Mahmoud Darwish and the Struggle Between Poetic and Political Imaginations

Youssef Hussein Hamdan looks at Shukri Madi’s Mahmoud Darwish: Ideology of Politics and Ideology of Poetry (2013), which follows as “Darwish turns from the poet of resistance to the poet of freedom”:

By Yousef Hussein Hamdan

large_1380943865Mahmoud Darwish is the poet of transformations. Indeed, Shukri Madi, professor of literary criticism and theory at the University of Jordan, follows them in his latest book, Mahmoud Darwish’s Poetry: Ideology of Politics and Ideology of Poetry (محمود درويش: أيديولوجيا السياسة وأيديولوجيا الشعر), issued by the Arab Institute for Research and Publishing. The author contends that political ideology influences poetry and poetic imagination in various ways, particularly at the time of political struggles, as is the case of Darwish. However, it is clear throughout the book that political ideology is not the essence of poetry. In many ways, there is a struggle or a competition between poetic and artistic imagination and political imagination.

The title of the book points to an essential transformation in Darwish’s poetry. In his early poems, the political sound was loud and linked to specific historical moments, places (Palestine in most), events, and partisan perspectives. This gradually changed for the sake of the poetic sound, which is based on wide and comprehensive attitudes that include the entire human race and are situated beyond time, place, and specific events. This sound is prominently devoted to creativity and liberty.

The latter is more than the political sense: It is the liberty from the pressure of time, place, anxiety, illness, death, specific historical events, one-sided views, and significantly previous identified poetic forms.

Importantly, while transformations in Darwish’s poetry relate to conscious changes in the philosophical and life perspectives, it does not in any way mean, the author repeatedly insists, that Darwish gave up his and his people’s national and human rights. Rather Darwish attempted to look at this issue from a wider point of view, as a human problem without being under the pressure of confrontation.

The author argues that, despite changes which appeared in the order of the poetic components of Darwish’s poetry, the human being is always occupying the centre.

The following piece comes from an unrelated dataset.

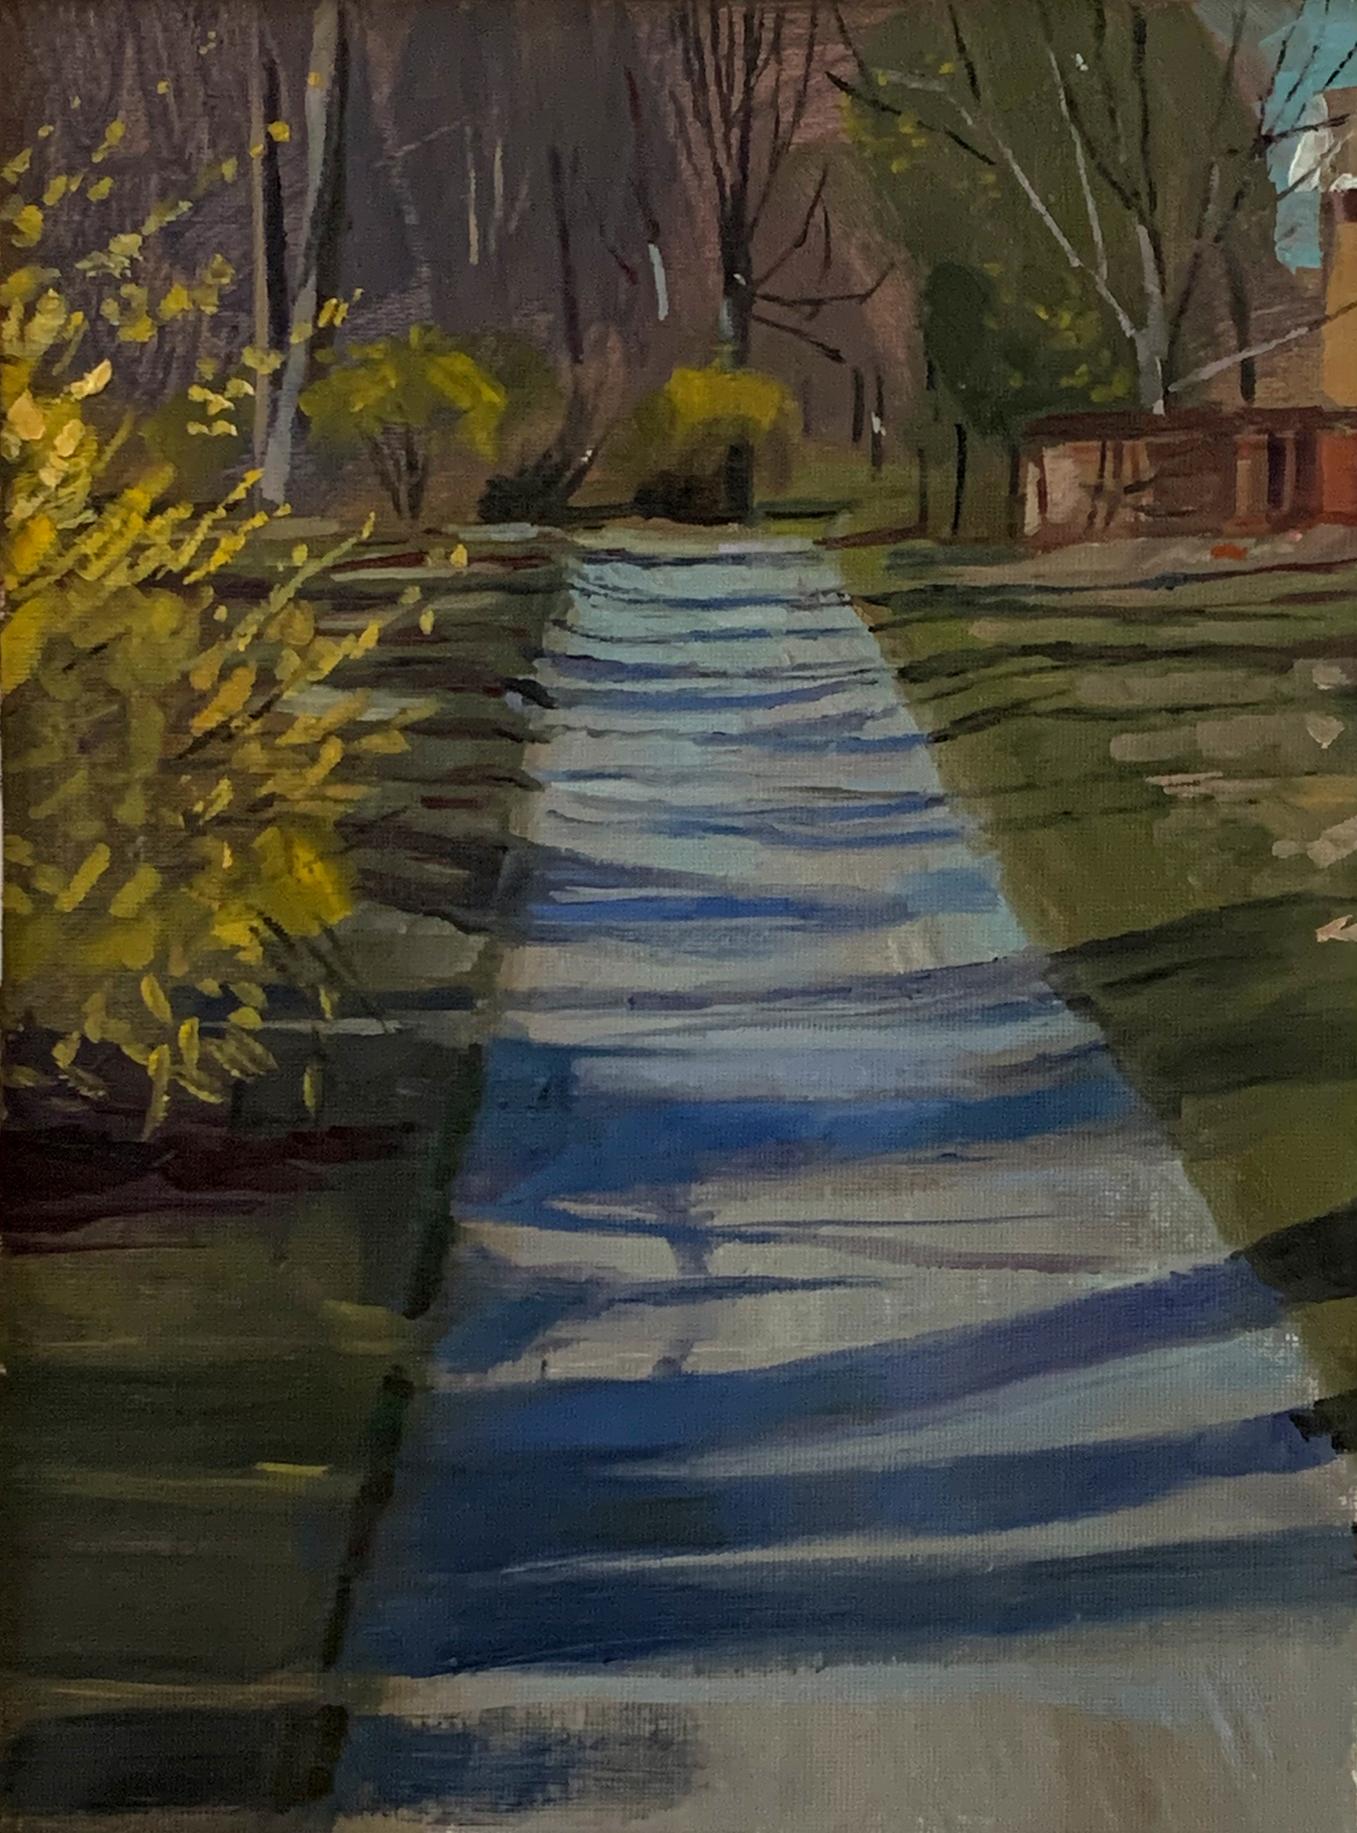 Carl Grauer Landscape Painting - April 11, 2021 #2 (Shadows on a Side Walk, Contemporary Landscape on canvas)

Hence, Darwish gave voice to the “other” or to his enemy in many of his poems. This allowed him to dismantle the other’s argument from within, in order to release him from narrow ideological and political illusions. In this sense, the concept of freedom is by no means limited in Darwish’s poetry to himself or his own people — rather it includes the enemy. The author argues that, despite changes which appeared in the order of the poetic components of Darwish’s poetry, the human being is always occupying the centre. He depicts this by drawing a triangle in which the human being permanently occupies the heart of the triangle. In Darwish’s early collections of poems, the issue of freedom represents the base of the triangle, and the poetic value and the place (homeland) occupy two sides of the triangle. In Darwish’s later works, the poetic value is the base and freedom and the place (the world) are the two sides of the triangle.

This is simultaneous with, and requires, transformations in artistic understanding and poetic conceptions. Darwish’s later poetry shows that poetry is a special artistic entity which has a relationship to politics, history, religion, and reality, but is not any one of them. Poetry is not a tool to transport ideas and emotions, but it is an aesthetic experience which includes ideas and emotions. It is a special language figuration that aims at triggering poetic pleasure and “being questions” while establishing a new aesthetic cognition. Poetry is a never-ending search for a new poetic-writing system and form of the poem. The language and images are intense, metaphorical, philosophical, ambiguous, and filled with historical and mythical symbols. There are multiple poetic meanings and no meaning is absolute. The specific event gets beyond its time and place to highlight the human being’s emotions, questions, dreams of justice and equality, and anxiety of life and death. The lyric voices turn to scenery and cinematographic images. Therefore, this new form of poetry requires contemplation and interpretation, instead of explanation.

The author discusses many poems from Darwish’s early works and later ones, including poems from his collections: أوراق الزيتون Olive Leaves (1964), أزهار الدم Blood Flowers (1967), حالة حصار A State of Siege (2002), أثر الفراشة The Butterfly’s Burden (2009), and لا أريد لهذه القصيدة أن تنتهي I Do not Want This Poem to End (2009). These works demonstrate Darwish’s transformation from poetry that is laden with political, local, and national concerns to another universal poetic conception, which addresses humanity everywhere and all times.

It is a transformation from the ideology of politics to the ideology of poetry, within which Darwish turns from the poet of resistance to the poet of freedom.

In this kind of poetry, the entire world is the poet’s land; the individual “I” overlaps with the collective We, the We gets closer to the Others, and the We and others turn to be universal. Additionally, the strong occupier takes the image of the weak occupied; the latter looks to liberate the enemy and the self, and all ages (past, present and future) integrate in one life and so are all places in one land. It is a transformation from the ideology of politics to the ideology of poetry, within which Darwish turns from the poet of resistance to the poet of freedom.

Yousef Hussein Hamdan is assistant professor of modern Arabic literature and literary criticism at the University of Jordan.